It says it can be 100 times faster than in real-time. So can it be run in real-t...

kleiba · on May 19, 2020

Sometimes the distinction is made between "real-time" and "online" processing.

The first one refers to the speed of the processing in relation to the length of the recording - so, say, you can process a 10 minute recording in 1 minute then you're 10x real-time. However, your analysis might require the full track to be available for best outcomes, and so you cannot really start with the processing until the full source is available.

The latter is what "online" processing refers-to, the ability to process on-the-fly in parallel to the recording. Obviously, this cannot be faster than real-time ;-) but hopefully it is not slower, either. Often times, though, you get a (somewhat constant and) hopefully slow offset, i.e., you can process a 10 minute recording online in the same time but you need another 10 seconds on top of that.

This is, by the way, not restricted to source separation, it applies to other disciplines as well, say, automatic speech recognition.

FraKtus · on May 19, 2020

Exactly, while fast if this method needs to parse the full track before starting to generate the results then it can't be used in real-tine.

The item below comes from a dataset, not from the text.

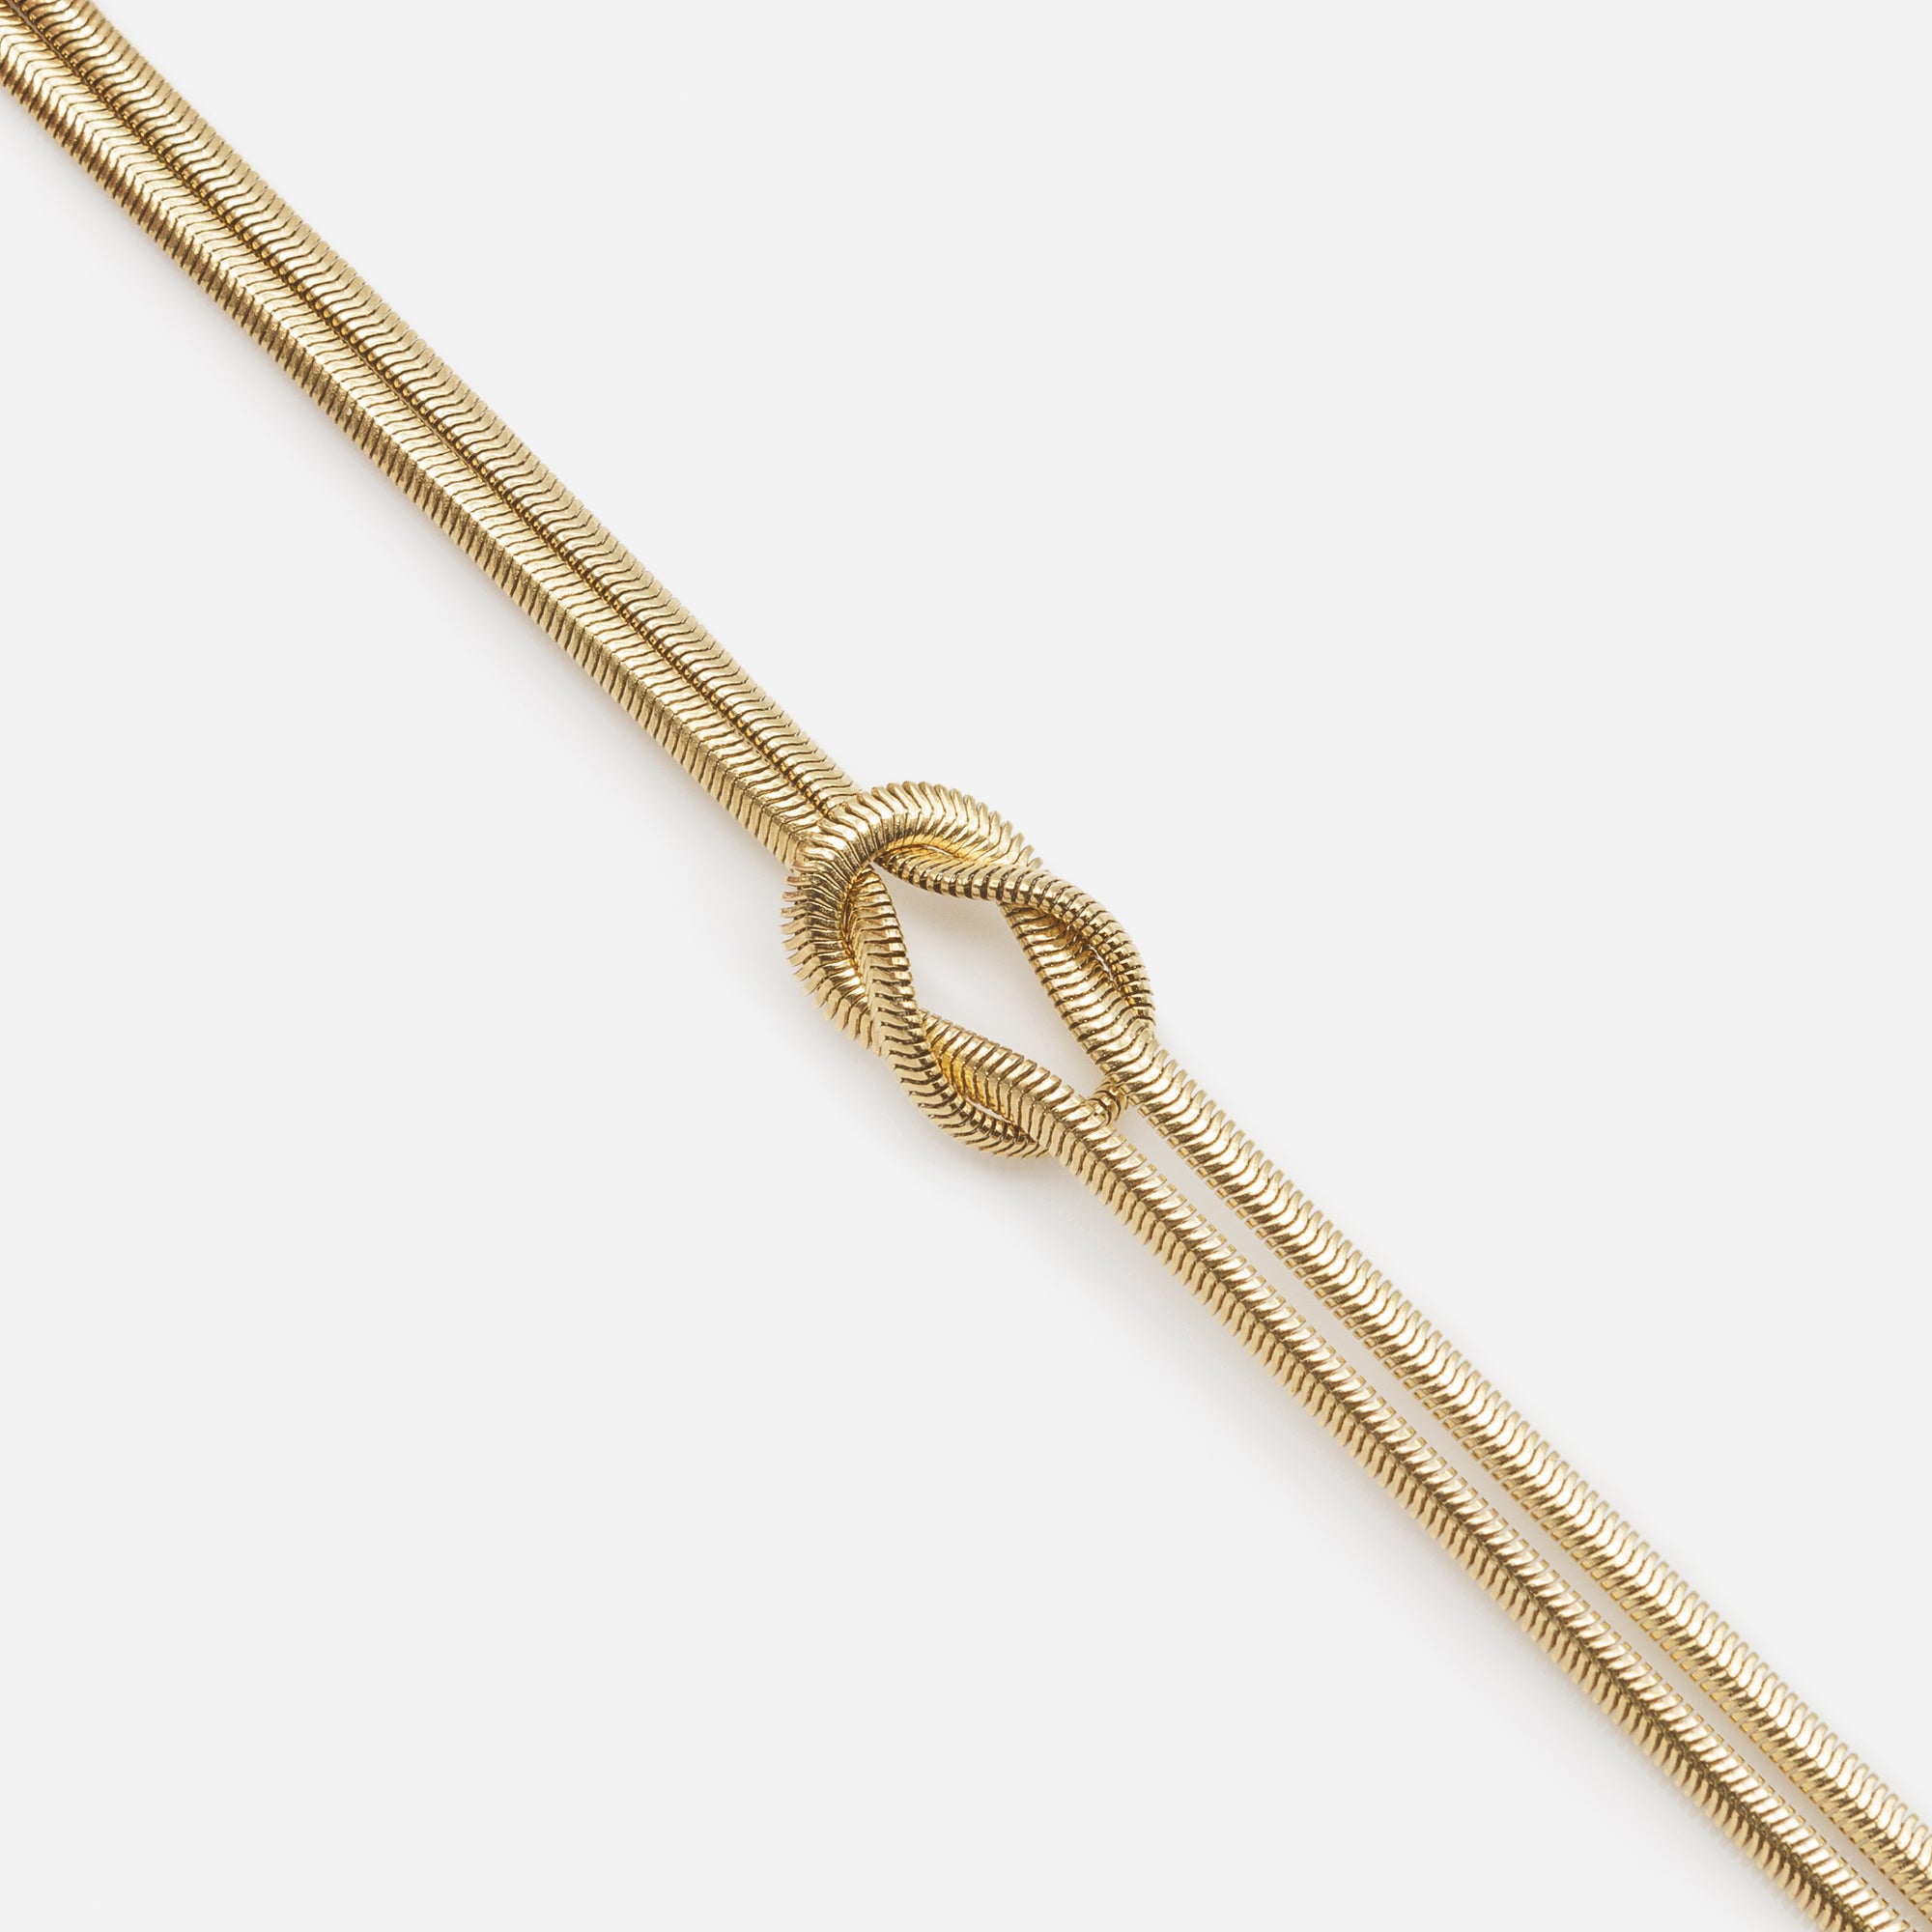 Bracelet noeud doré à mailles serpentines rondes en acier inoxydable

To be used with arbitrary audio in real-time, after initialization and setup you need an API that looks like:

ProcessAudio (samples, num_namples)

And it would return n packets of num_namples samples. One packet for each generated track.

nunja · on May 19, 2020

I experimented with the spleeter architecture quite a bit and I would say this is not suitable for real time audio processing. The reason is that the model needs at least 512 frames of audio samples to produce an output usable for source separation. This adds a ton of latency. I tried with smaller windows but the results are very bad.

LegitShady · on May 19, 2020

This person https://github.com/diracdeltas/spleeter4max

created an max for live native version of spleeter and demos it here:

https://www.youtube.com/watch?v=4pcJoI5CUOA&feature=youtu.be

It's way faster than real time, im not sure why slowing it down would be an advantage. You still need to take the resultant data and do things with them, as a dj, and faster is better.